For these reasons we hold that the trial court was not required to charge the jury that the defendant had a duty to protect patrons from the type of conduct engaged in by the plaintiff herein. Accordingly, the trial court did not err in refusing to charge the jury on a duty/risk analysis.
Plaintiff also argues that the trial court erred in denying his efforts to show measures taken by other hotels to protect similarly situated patrons. Plaintiff cites no authority for this argument.

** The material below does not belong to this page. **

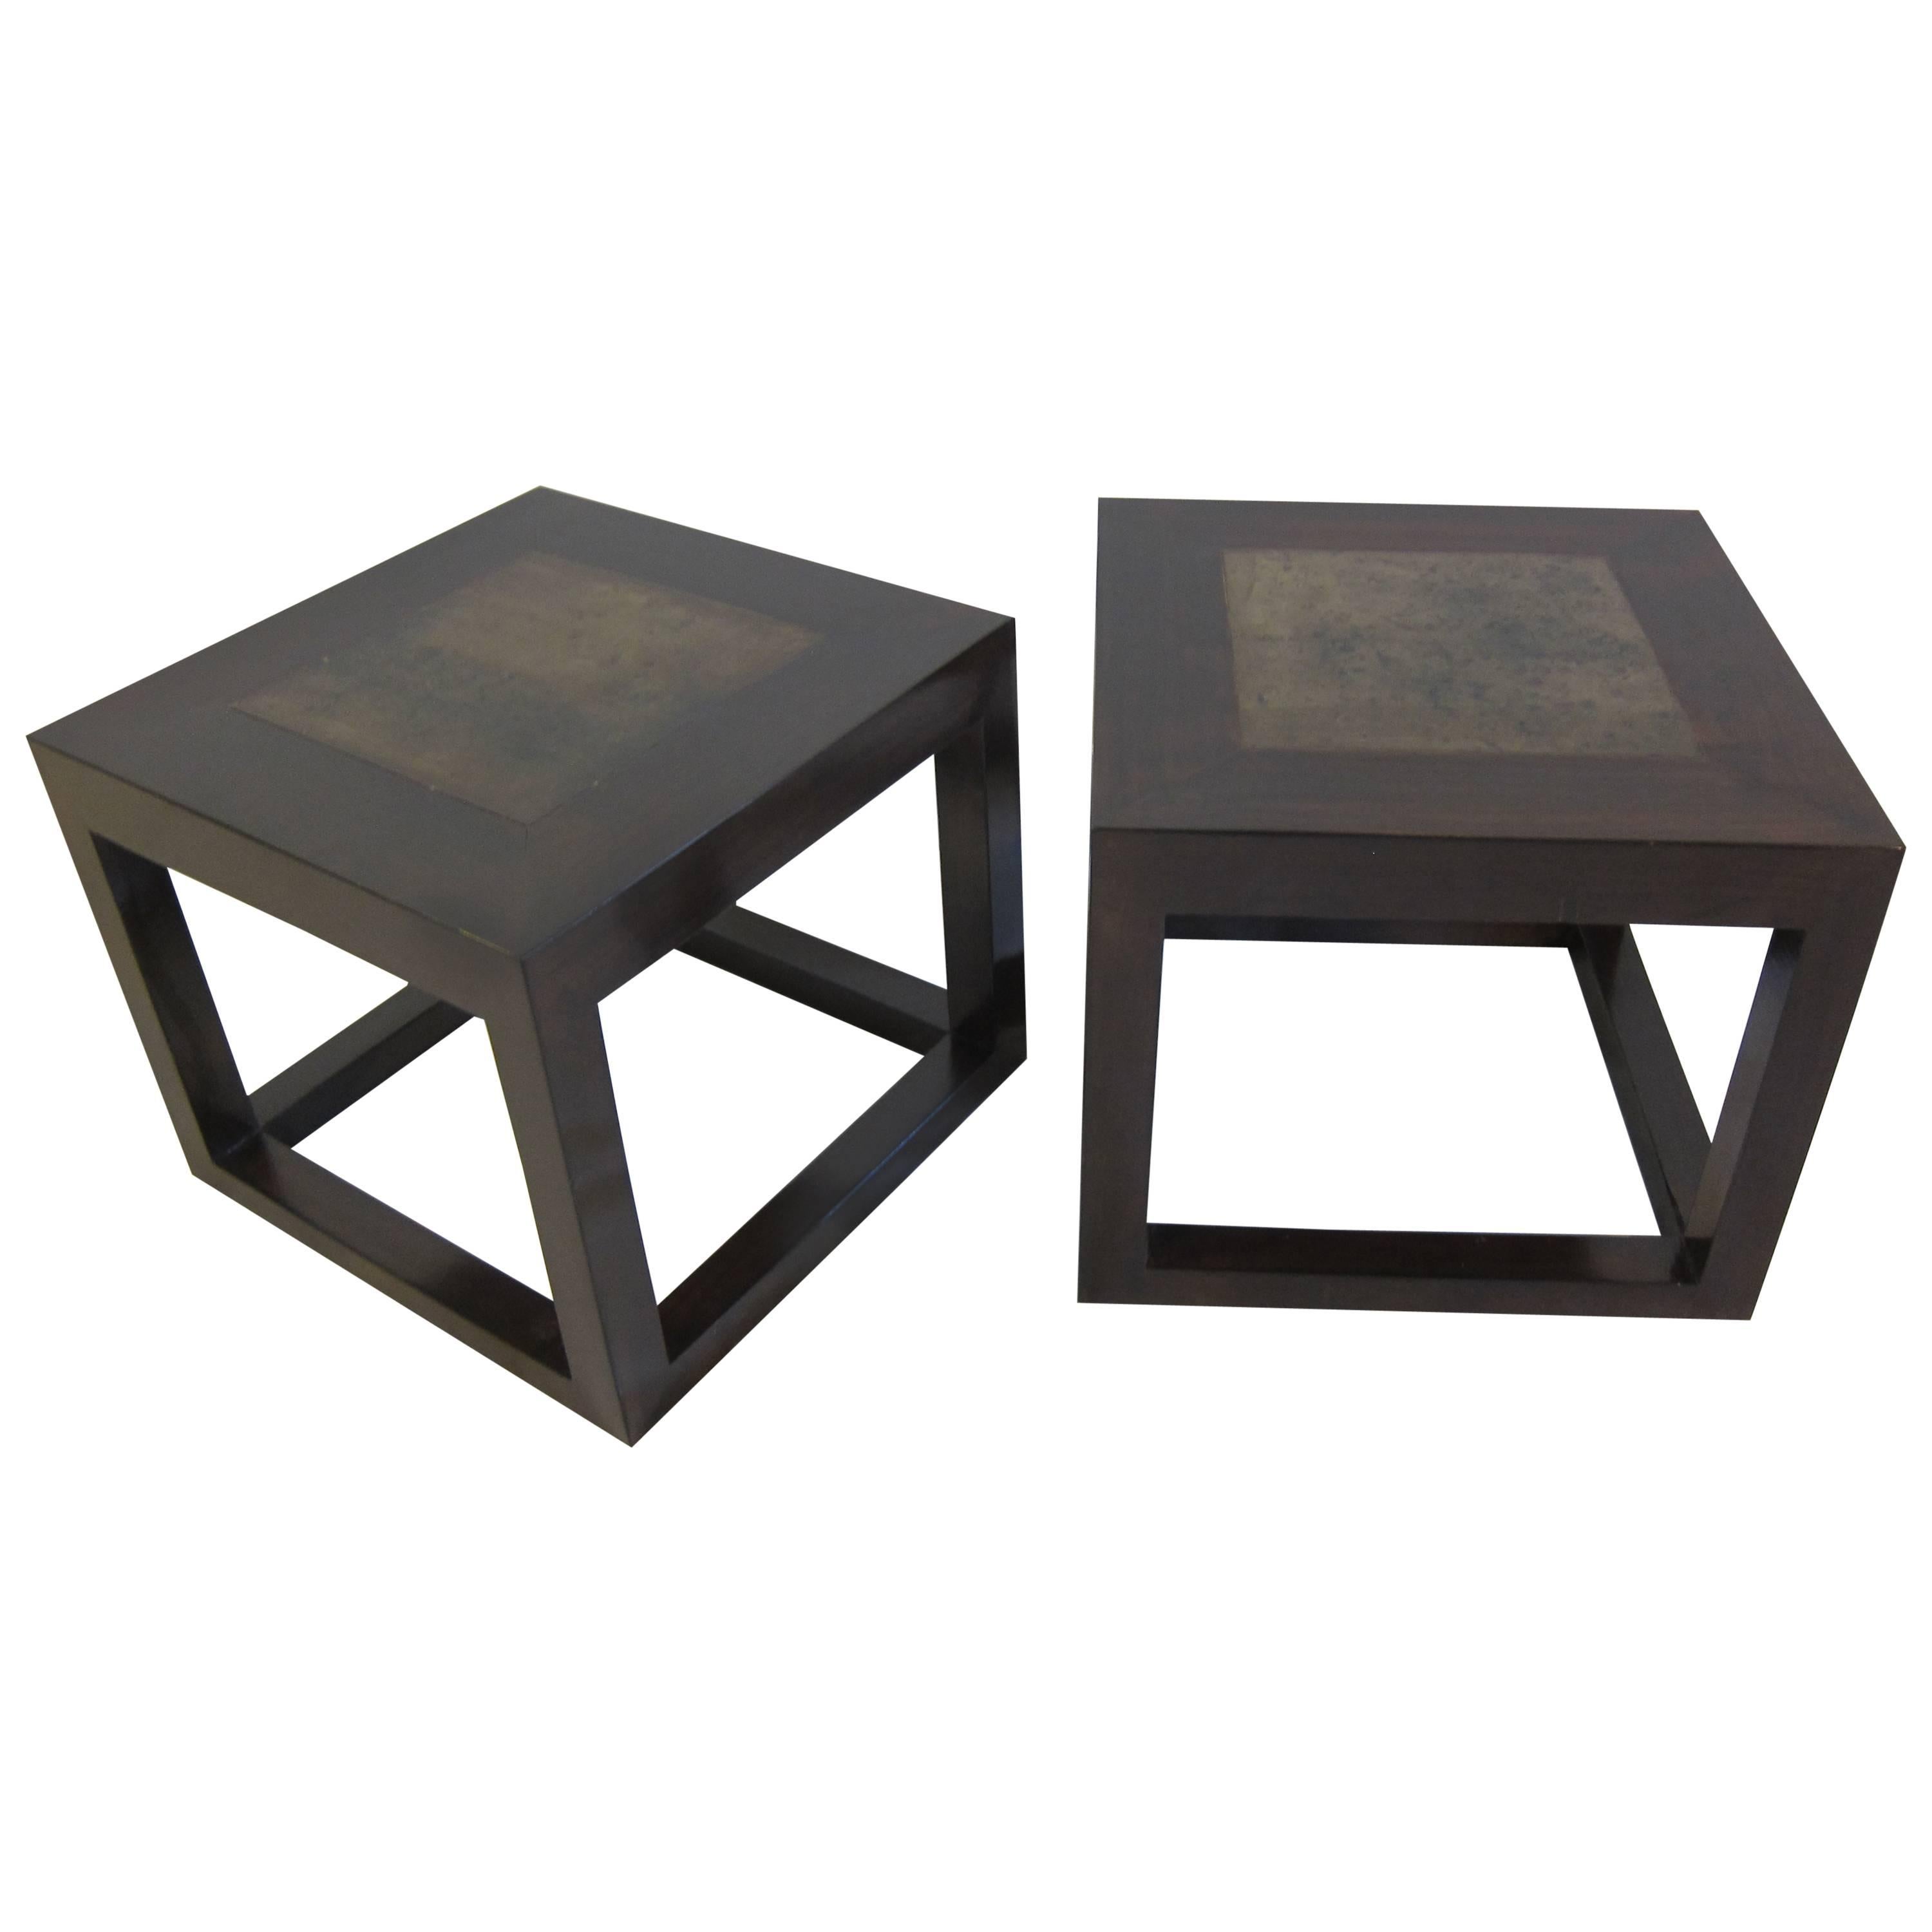 Cube Stone Top Tables

No evidence was adduced at trial demonstrating that other protective measures were required by law. To have allowed evidence of other protective measures would have opened the door to innumerable extraneous considerations such as size and crowd capacity of other hotel balconies, height and structure of balcony railings, entrance requirements of other hotels, etc. This is to say that a hotel’s decision to utilize certain protective measures may well be governed by considerations other than protecting a patron from his own carelessness. For these reasons we find plaintiff’s argument to be without merit.
For the foregoing reasons, the judgment of the trial court is affirmed.